Николай Тряпкин и Юрий Кузнецов, Борис Примеров и Валентин Сорокин, Валерий Ганичев и Владимир Бондаренко называют Сергея Соколкина одним из самых значительных поэтов своего времени. Он творчески следует традиции русской поэзии, начатой Сергеем Есениным и продолженной Павлом Васильевым, при этом его стихам не чужда новаторская образность, что сродни поэтике Владимира Маяковского. Тема любви к Родине – основная в его творчестве. И, конечно же, любовь к женщине, той единственной и неповторимой. Его имя стало широко известно в 1998 году благодаря шлягерам "Три розы" и "Певица и музыкант" в исполнении Ларисы Долиной.
Это седьмая книга поэта.
Содержание:
О себе 1
У меня на тюрьме 1
Ангел в окровавленной слезе 3
Потому что я русский 7
Я пью за продолженье листопада 11
Мне 22, я весь в губной помаде 15
Я учу себя русской душе, или Под перестройкою хожу, как под статьей 19
Мои поэты 20
Три розы, или Черно-белая судьба - Тексты песен 28
Исполнители песен и композиторы 33
Неудержимый Босх - О стихах Сергея Соколкина 34
Краткий биографический очерк 39
Примечания 39
Сергей Юрьевич Соколкин
Соколиная книга
О себе
Я – поэт. Этим и Не интересен (привет Маяковскому). Не интересен ни нашему времени, ни горячо любимой Родине, ни потерявшим инстинкт самосохранения соплеменникам и согражданам. Они больны и теряют жизненные соки.
В отличие от большинства современных, особенно продвинутых (модернизированных) стихотворцев я не играю в литературу (не пишу манифесты, не устраиваю скандалы), я её делаю. Живу Поэзией и дышу Ей. Творю свой Миф.
Никого не желая оскорбить, руководствуясь только Любовью, исхожу из того, что Россия (как идея, как особый субстат и оплот духовности) – это Пуп земли, Центр мироздания и Ноев ковчег современной погибающей цивилизации (где каждой твари по паре). И еще, – у нас самые лучшие люди. Хоть и других не любить у меня нет оснований. Если бы считал по-другому, уехал бы, наверное, к … (куда глаза глядят).

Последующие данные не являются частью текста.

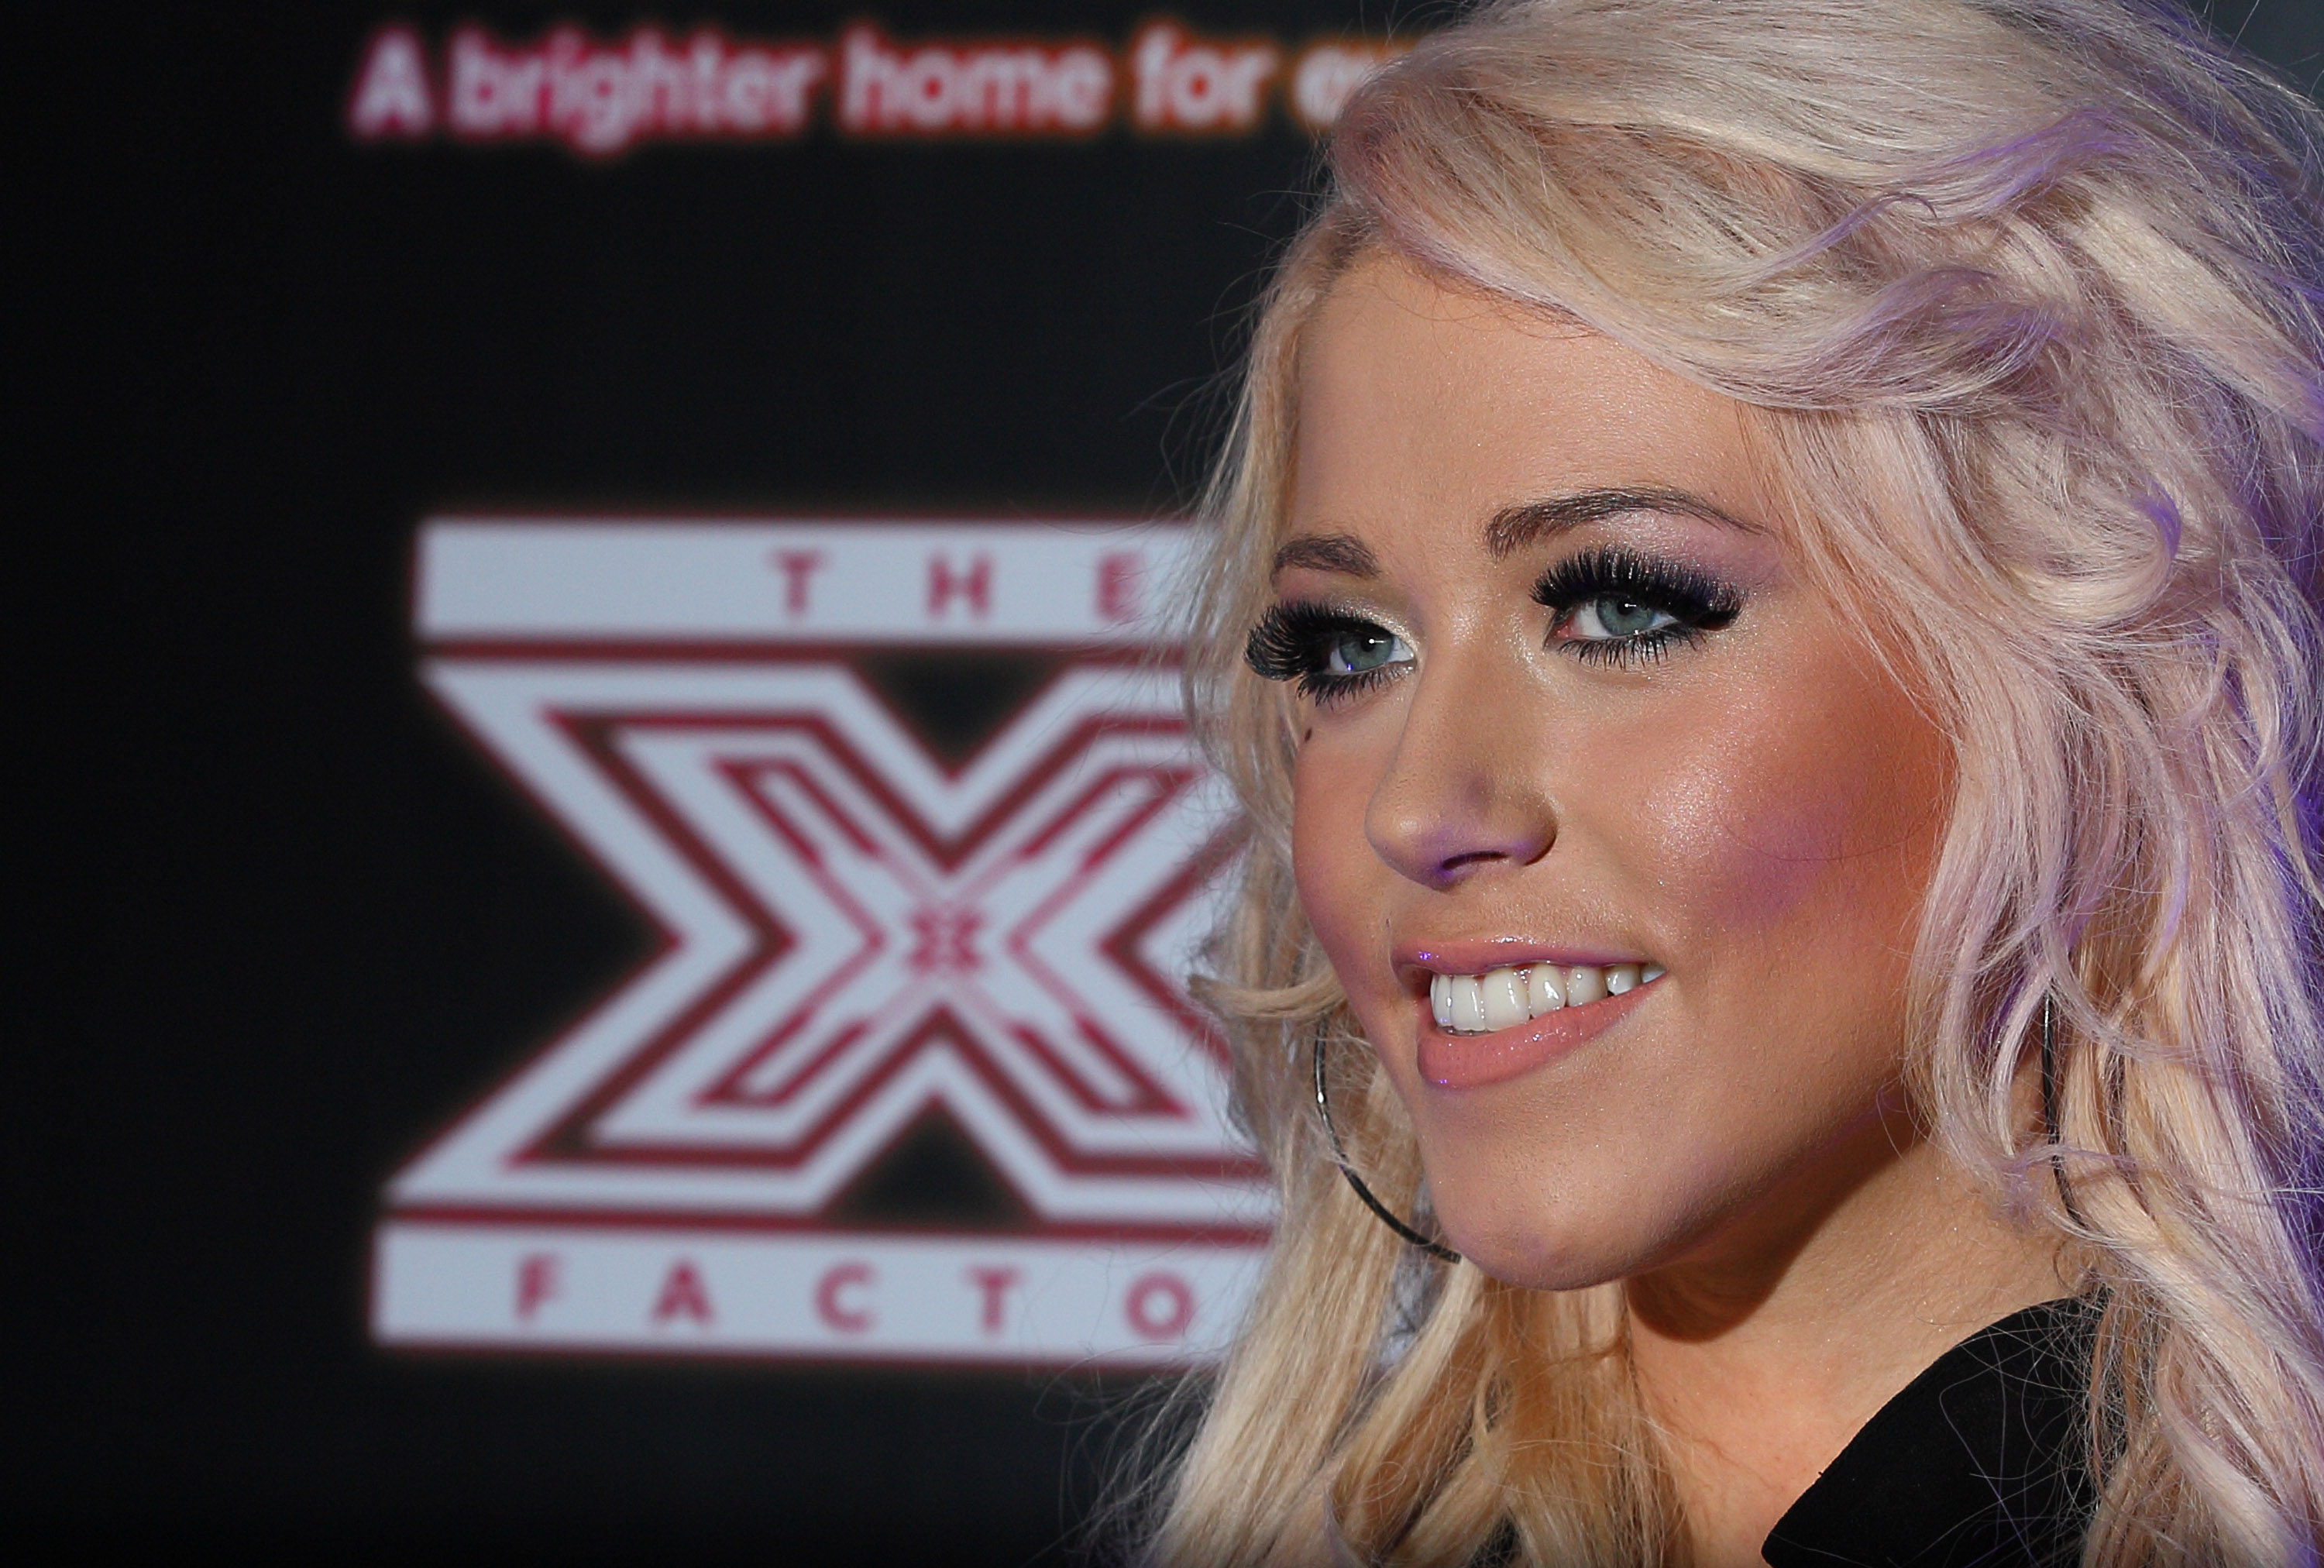 Amelia compitió en la serie de 2011 de The X Factor, terminando en tercer lugar.

Любимыми моими поэтами всегда были Есенин, Маяковский, Пастернак и П.Васильев. Очень тепло относился и отношусь к Блоку, Цветаевой, Гумилеву, В. Хлебникову. Ценю, но без особой сердечной искры, большого мастера – Мандельштама и ранние стихи Бродского. А последней моей пожизненной любовью стали – Ю.Кузнецов, Н.Тряпкин и Б. Примеров. Остальные живы, про них молчок… И дай Бог им здоровья!
Не любил никогда и не люблю – всяческих иронистов, пересмешников, маньеристов, пост– и прочих – модернистов, языкопоказывателей, – всю эту внешне бурлящую накипь.
Может быть вирши данных стихоплетов и вызывают у кого-то смех и выпрямление извилин, но это не имеет никакого отношения к поэзии в целом и к русской литературе в частности. Все-таки поэтическая мысль отличается от обыкновенной своей Божественностью, близостью к постижению Жизни и Смерти. Поэзия – это то, что не скажешь прозой. Да и любовь к Отчизне – не последнее дело…
Еще я никогда не любил "лапшу на ушах", слово "прикольно" и Петросяна.
Как гражданин России и ее верный сын с покорностью принимаю кличку "почвенник", поскольку традиция – это единственная основа для построения Нового Мира (реального или поэтического). Но как человек, работающий в языке (а не показывающий язык публике), развивающий этот язык, изменяющий, трансформирующий русский стих сообразно современным реалиям и моим представлениям (глубже разбирать – дело критиков), считаю область своего служения и своего применения – "новаторским традиционализмом", а себя соответственно – "продвинутым почвенником".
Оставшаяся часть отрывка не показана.